DI ENNIO REMONDINO
Il 19 aprile del 1943, ottant’anni fa, iniziò la rivolta del ghetto di Varsavia, in cui circa settecento ebrei si ribellarono agli occupanti nazisti e alle deportazioni nei campi di concentramento. Soprattutto giovani che formavano piccoli gruppi di resistenza, male armati ed equipaggiati in maniera approssimativa: la rivolta durò quasi un mese. L’intero quartiere del ghetto fu raso al suolo e migliaia di ebrei furono catturati, uccisi o deportati nei campi concentramento di Poniatowa, Trawniki e Majdanek, sempre in Polonia. Ma la rivolta del ghetto di Varsavia è diventata per la storia ebraica e mondiale un episodio simbolico di resistenza alle persecuzioni antisemite. Dalla ricostruzione puntuale del Post
Il più grande ghetto ebraico d’Europa
Il ghetto di Varsavia era il più grande ghetto ebraico dell’Europa occupata dai tedeschi. Istituito alla fine del 1940 e divenne obbligatorio per tutti i residenti ebrei della città e poi anche di altre zone. Si trovava nel centro antico e cadente della la capitale, e si estendeva per 3,4 chilometri quadrati, circondato da un muro alto oltre 3 metri, ricoperto di filo spinato e sorvegliato dai soldati nazisti per impedire agli ebrei di uscire.

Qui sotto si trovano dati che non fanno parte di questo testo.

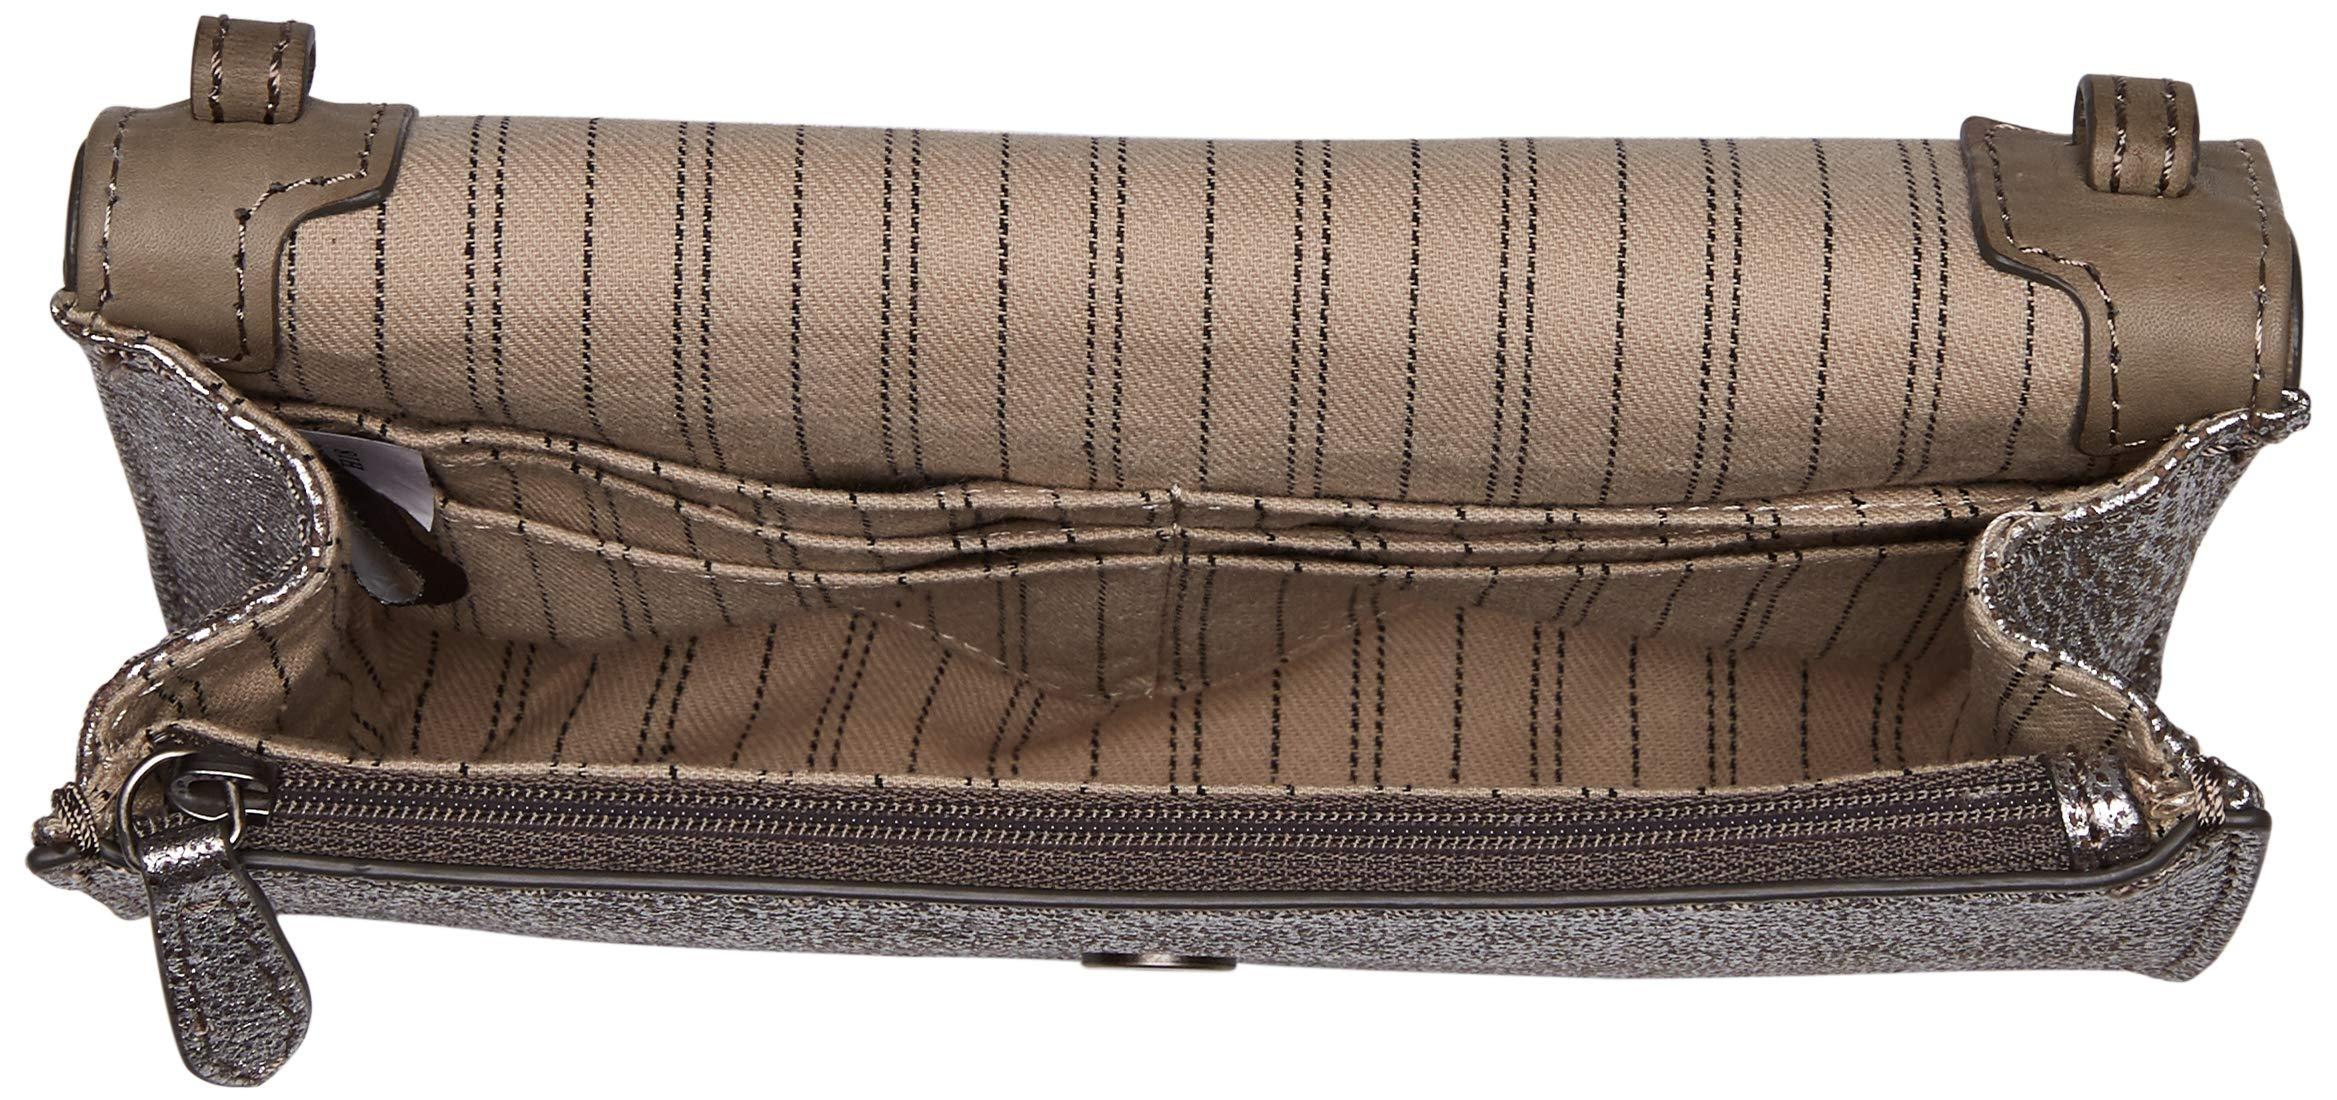 FRYE Melissa Wallet Crossbody Clutch Leather Bag, silver by FRYE (Image #5)

Si stima che fossero circa 400mila, rinchiusi in stanze per circa 7 persone ciascuna.
Dominio delle SS
Dal ghetto di Varsavia la polizia tedesca e le SS deportarono centinaia di migliaia di ebrei, soprattutto nel centro di sterminio di Treblinka, nel nordest della Polonia. Solo durante la Grossaktion, la ‘Grande azione’, cioè la deportazione durata da fine luglio a metà settembre del 1942, ne furono deportati circa 265mila. Altri 35mila furono uccisi all’interno del ghetto, dove all’inizio del 1943 i sopravvissuti erano circa 80mila.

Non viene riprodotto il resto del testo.